# [Task to carry out]
All of the listing should be output exactly, apart from the pictures.

# [Provided data]
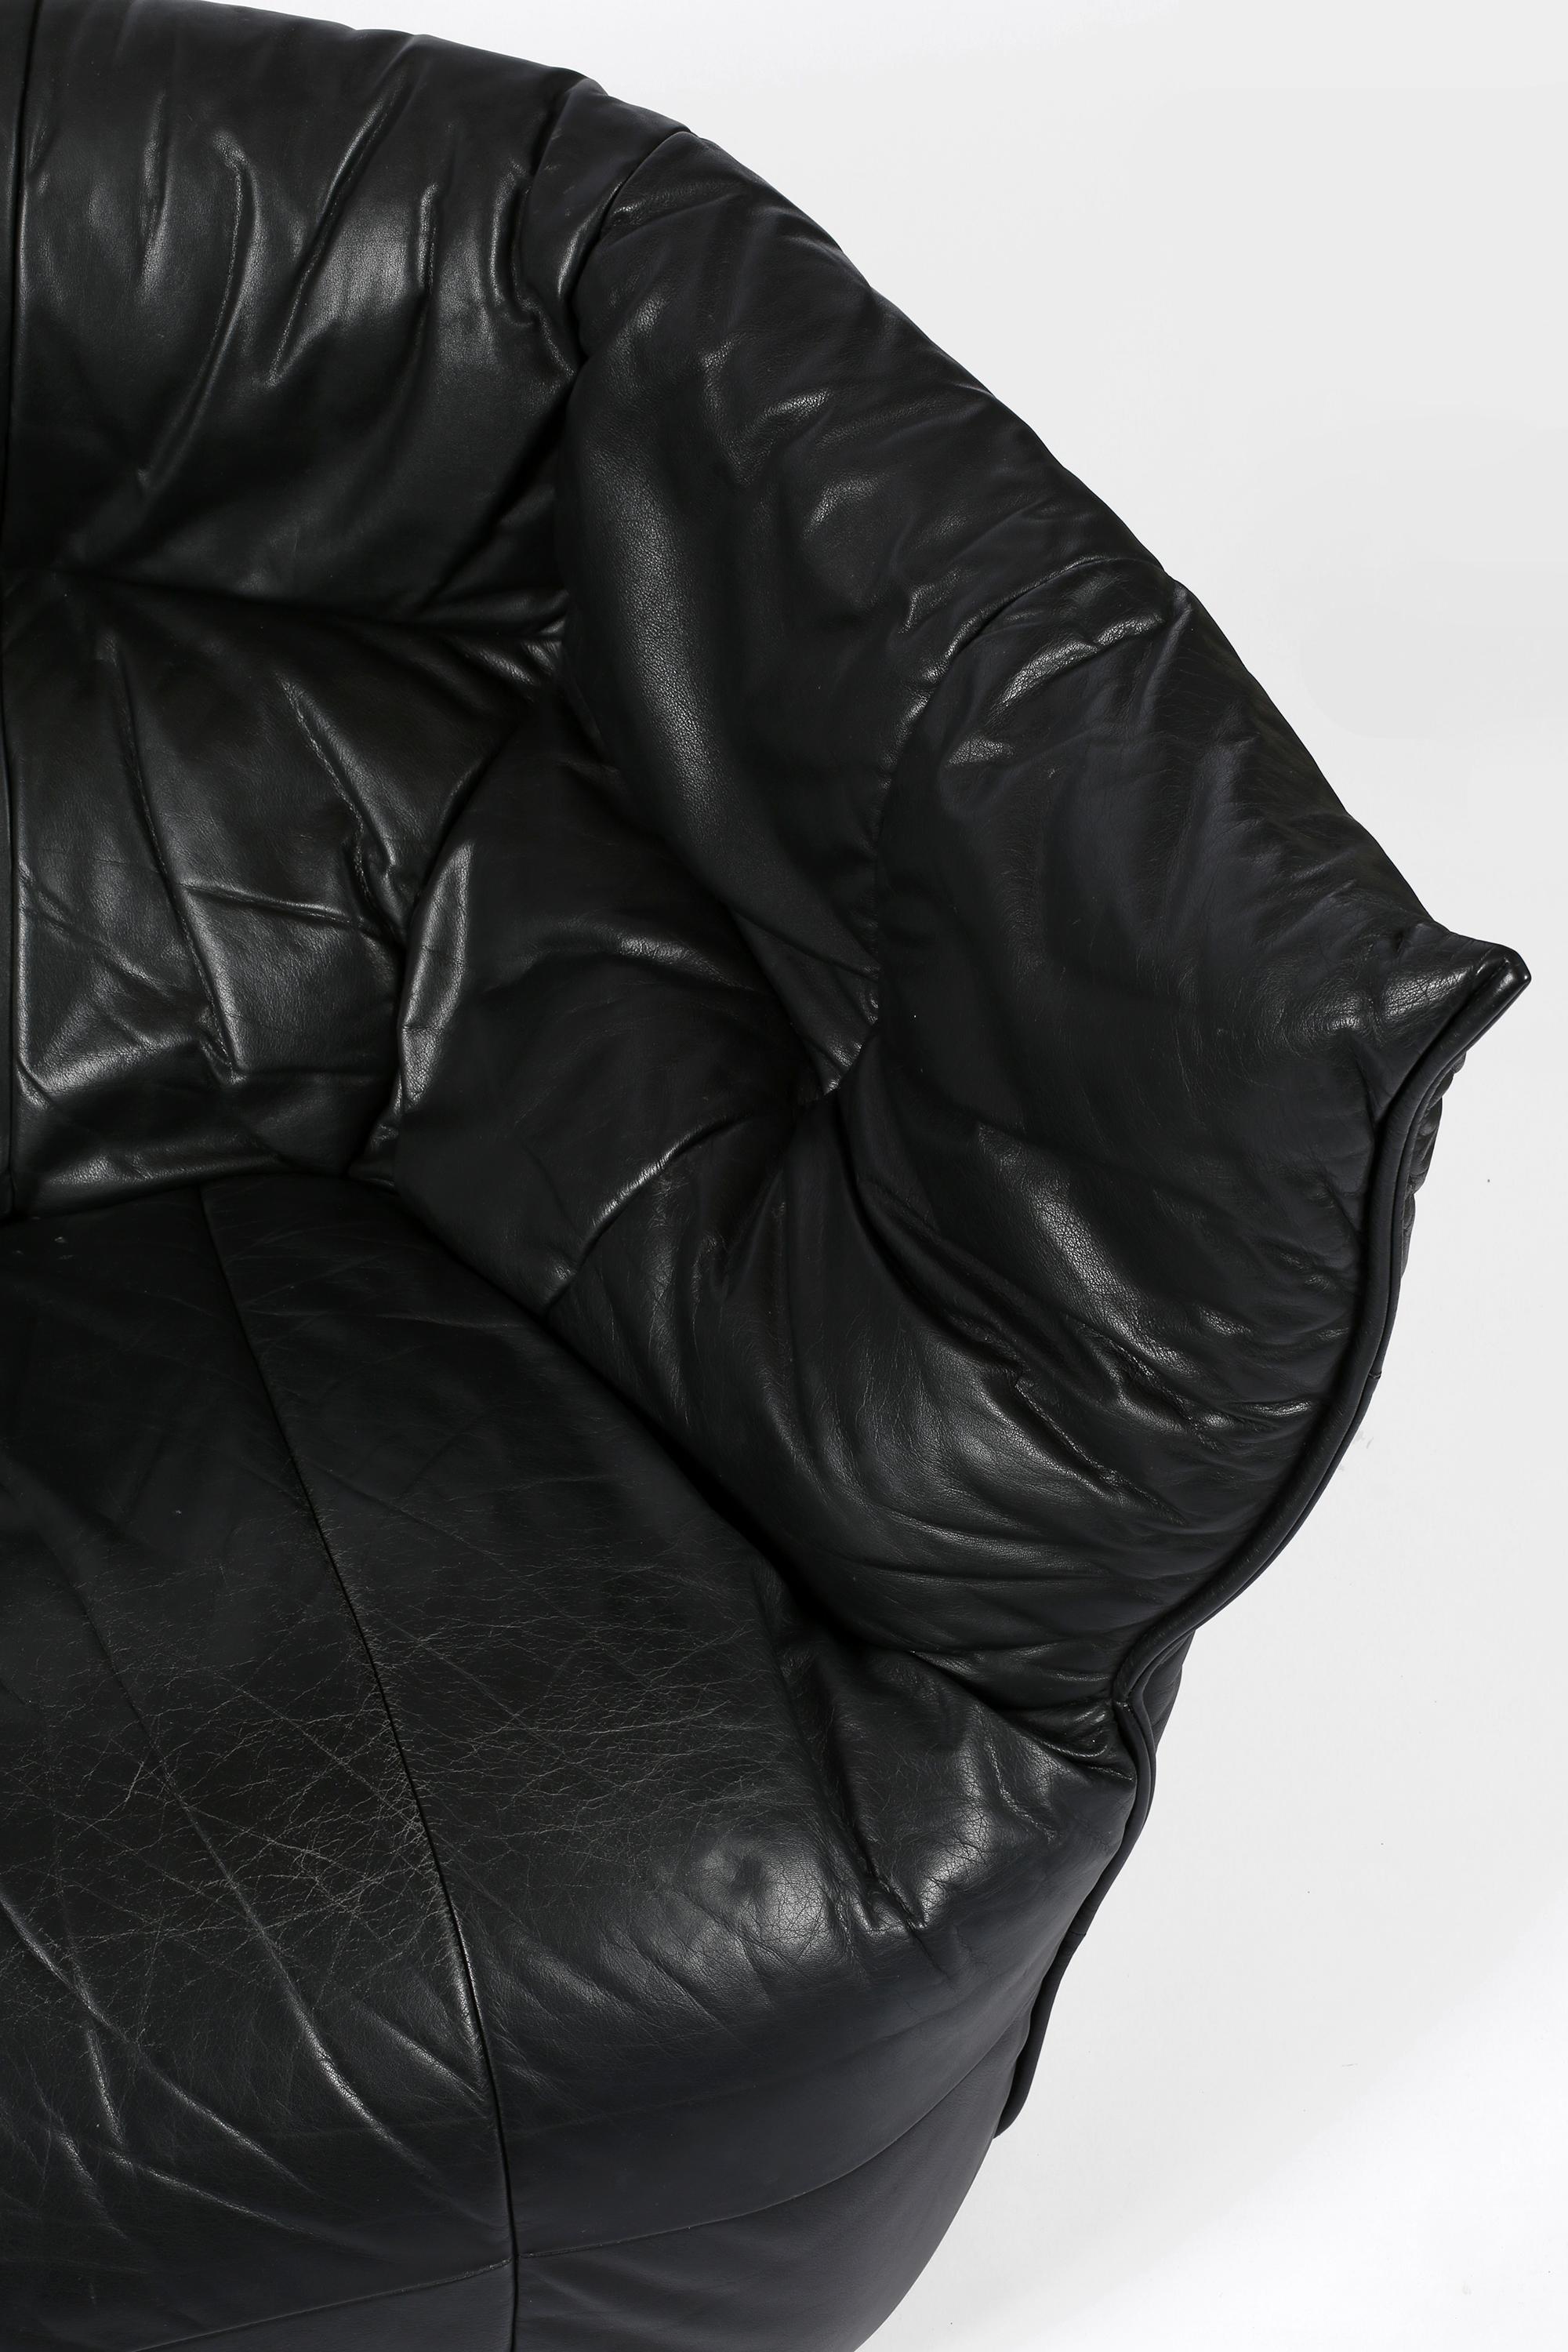 French 1980s Black Leather Brigantin Sofa by Michel Ducaroy for Lignet Roset For Sale 2
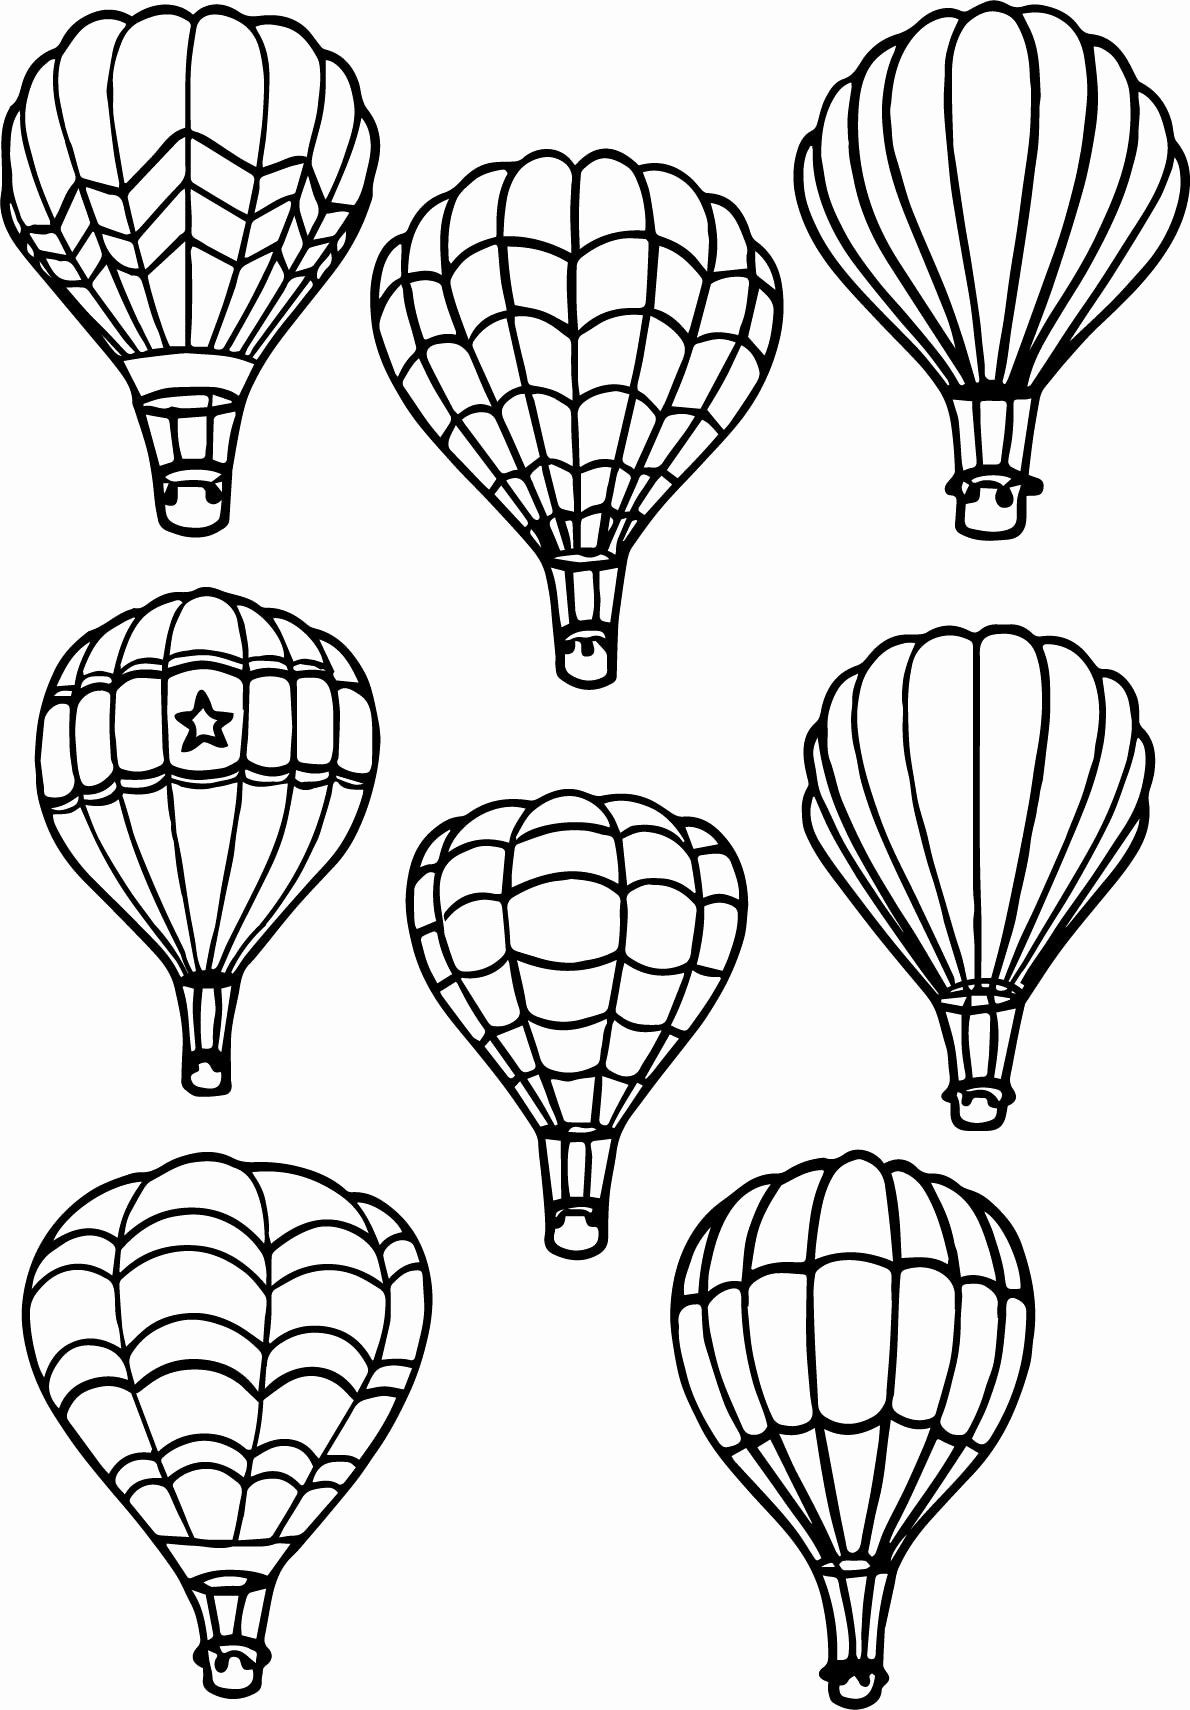 Hot Air Balloon Coloring Page Fresh All Air Balloon Coloring Page | Hot
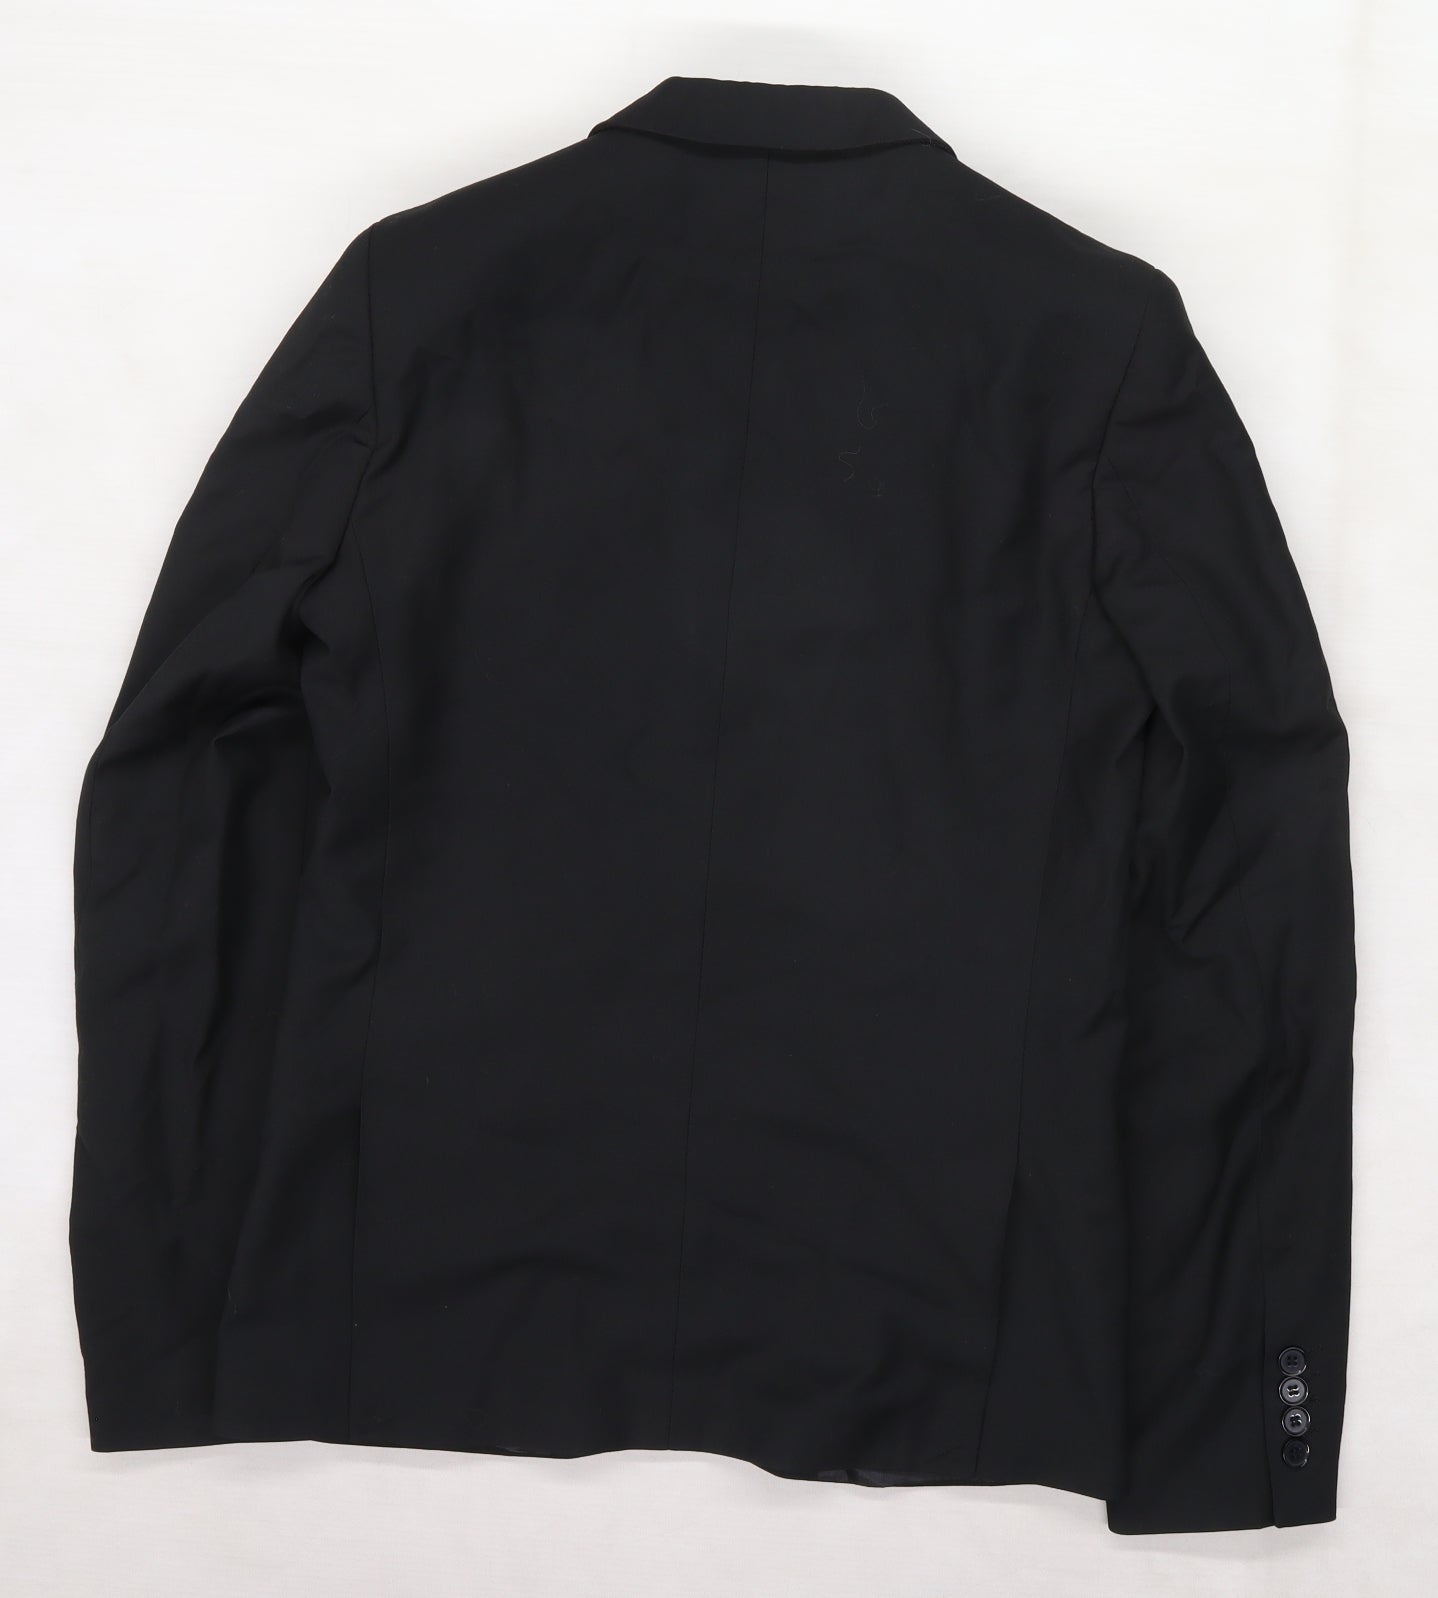 Backflip Boys Black   Jacket  Size 14 Years  - Suit Jacket

# [Answer to this problem]
 French 1980s Black Leather Brigantin Sofa by Michel Ducaroy for Lignet Roset For Sale 2
 Hot Air Balloon Coloring Page Fresh All Air Balloon Coloring Page | Hot
 Backflip Boys Black   Jacket  Size 14 Years  - Suit Jacket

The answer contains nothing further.